Anomaly Detection Using Multivariate Gaussian Distribution

Learn anomaly detection using multivariate Gaussian distribution to identify unusual patterns and correlated outliers in datasets. Understand covariance matrices, parameter estimation, probability density functions, and threshold-based anomaly detection techniques used in machine learning systems.

Written by Hitesh Sahu, a passionate developer and blogger.

Fri Feb 27 2026

Share This on

← Previous

Anomaly Detection Using Gaussian Distribution in Machine Learning

Recommender Systems: Collaborative Filtering, Content-Based Filtering, and Hybrid Approaches

Multivariate Gaussian Distribution

The multivariate Gaussian distribution is an extension of the normal (Gaussian) distribution to multiple variables.

It is commonly used in:

anomaly detection
probabilistic modeling
Gaussian mixture models
Bayesian ML
Kalman filters

Motivation

Suppose we are monitoring machines in a data center.

Features:

Feature	Meaning
$x_1$	CPU Load
$x_2$	Memory Usage

Most machines behave normally:

High CPU  ↔ High Memory
Low CPU   ↔ Low Memory

The features are correlated.

Problem with Basic Gaussian Anomaly Detection

Earlier anomaly detection assumed:

p(x) = p(x_1)p(x_2)

meaning:

features are independent

Why This Fails

Suppose we observe:

CPU Load   = Very Low
Memory Use = Very High

Individually:

CPU value looks normal
Memory value looks normal

But together:

this combination is strange

Visual Intuition

Normal data may lie along a diagonal trend:

Low CPU  → Low Memory
High CPU → High Memory

An anomalous point:

Low CPU + High Memory

lies far away from the normal pattern.

Basic Gaussian fails because it ignores feature correlation.

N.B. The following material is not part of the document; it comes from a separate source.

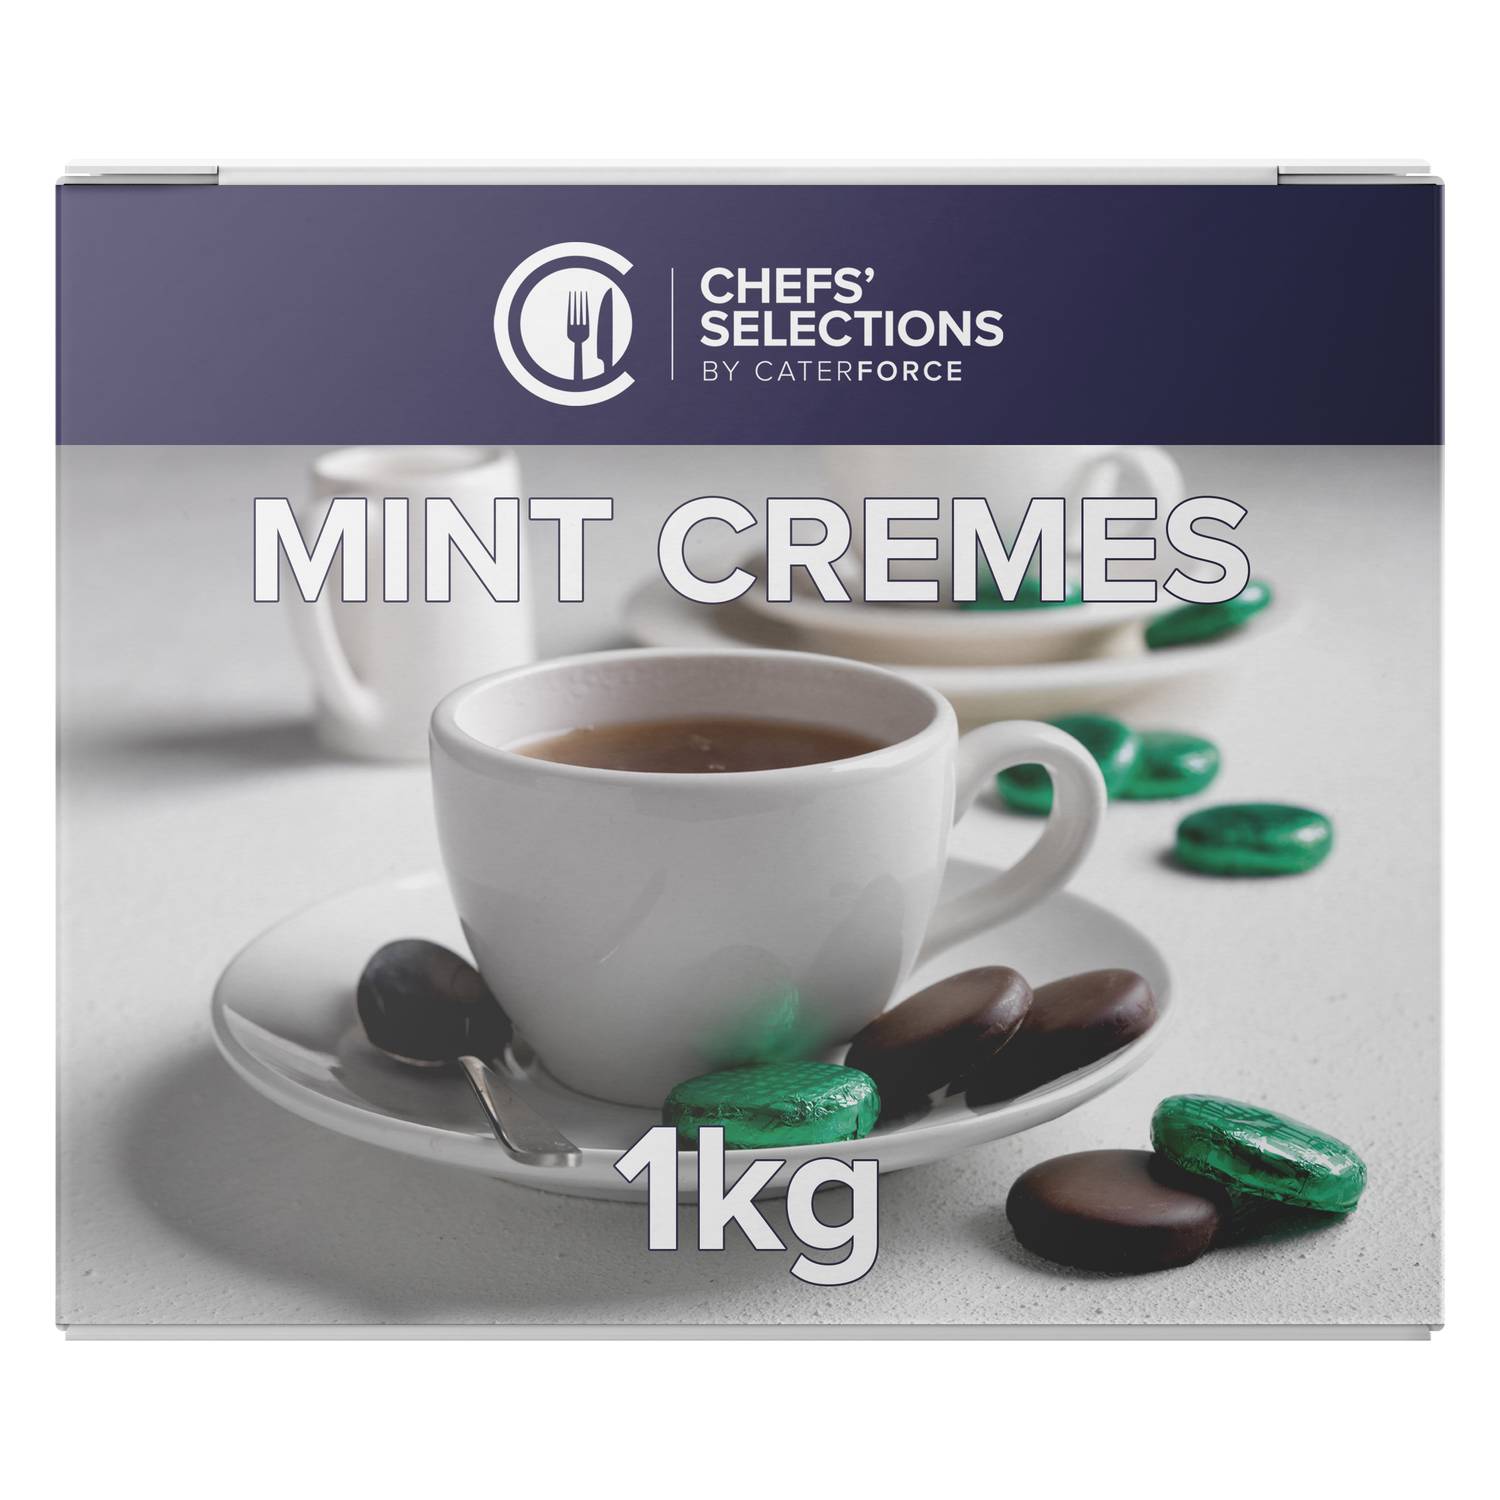 Chefs’ Selections Mint Cremes (6 x 1kg)

Solution: Multivariate Gaussian

Instead of modeling each feature separately:

p(x_1), p(x_2), ..., p(x_n)

we model:

p(x)

all together.

Multivariate Gaussian Formula

The probability density is:

p(x;\mu,\Sigma) = \frac{1}{ (2\pi)^{n/2} |\Sigma|^{1/2} } \exp \left( -\frac{1}{2} (x-\mu)^T \Sigma^{-1} (x-\mu) \right)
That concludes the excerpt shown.